I know this is probably a pretty easy question but I'm having a mental block at the minute...
Anyway the question is: "Show that the curves C1 and C2 intersect at the points (-2,16) and (1,7)"
C1 : y= -x^2 - 4x +12
C2 : y= 5x^2 + 2x

N.B. I'm new to the forums and wasn't sure how to write "squared" so in case I got it wrong "^2" = squared

If they intersect, they will have the same x value and y value (see attached graph of the two functions.) So plug the x value into both equations, if they have the same y value, then they intersect at that point.

Test x=-2
$\begin{array}{rl}C1: y&= -(-2)^2 - 4(-2) +12\\
&= -(4) - (-8) +12\\
&= -4 + 8 +12\\
&= 16\\\end{array}$

$\begin{array}{rl}C1: y&= 5(-2)^2 + 2(-2)\\
&= 5(4) + (-4)\\
&= 20 -4\\
&= 16\\\end{array}$

Therefore they each pass through the point (-2,16) And thus intersect at that point.

You try the second one.
• February 16th 2008, 02:54 PM
xifentoozlerix
Quote:

Originally Posted by fiordalisa
Hi everyone!
I know this is probably a pretty easy question but I'm having a mental block at the minute...
Anyway the question is: "Show that the curves C1 and C2 intersect at the points (-2,16) and (1,7)"
C1 : y= -x^2 - 4x +12
C2 : y= 5x^2 + 2x

N.B. I'm new to the forums and wasn't sure how to write "squared" so in case I got it wrong "^2" = squared

When you want to find the intersection of two functions, you can set them equal to each other and solve for x.
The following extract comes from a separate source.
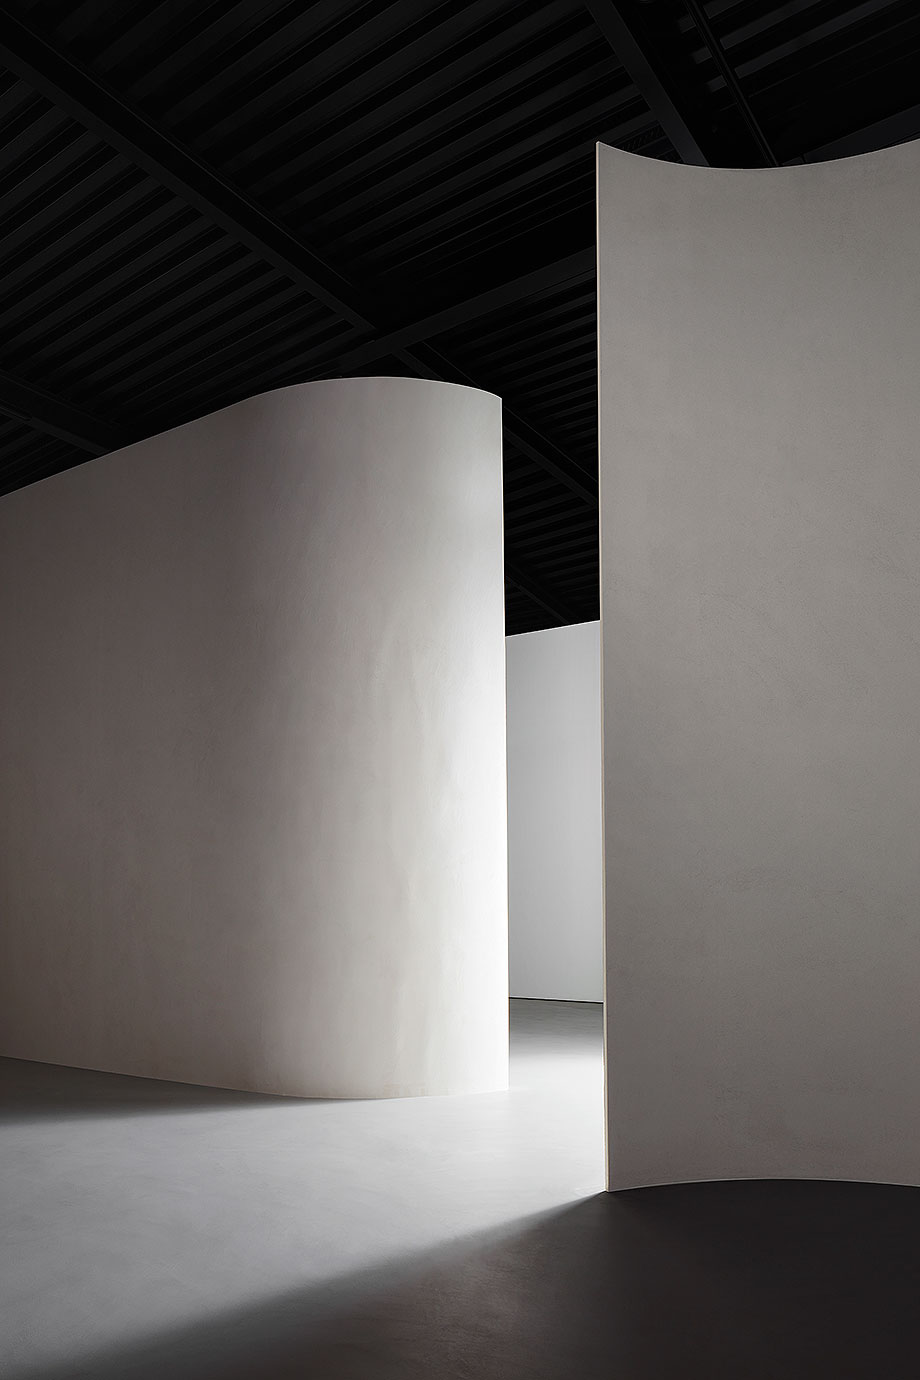 showroom sede corporativa mdf italia en mariano comense (5) - foto thomas pagani

Then plug the x values you get back into either original function and you will get your y values.

y= -x^2 - 4x +12
y= 5x^2 + 2x

both equal y, so make them equal to each other:
-x^2 - 4x +12 = 5x^2 + 2x

collect like terms on one side:
-6x^2-6x+12=0

now factor:
-6(x^2+x-2)=0
x^2+x-2=0
(x+2)(x-1)=0
x=-2 or x=1

....then plug in.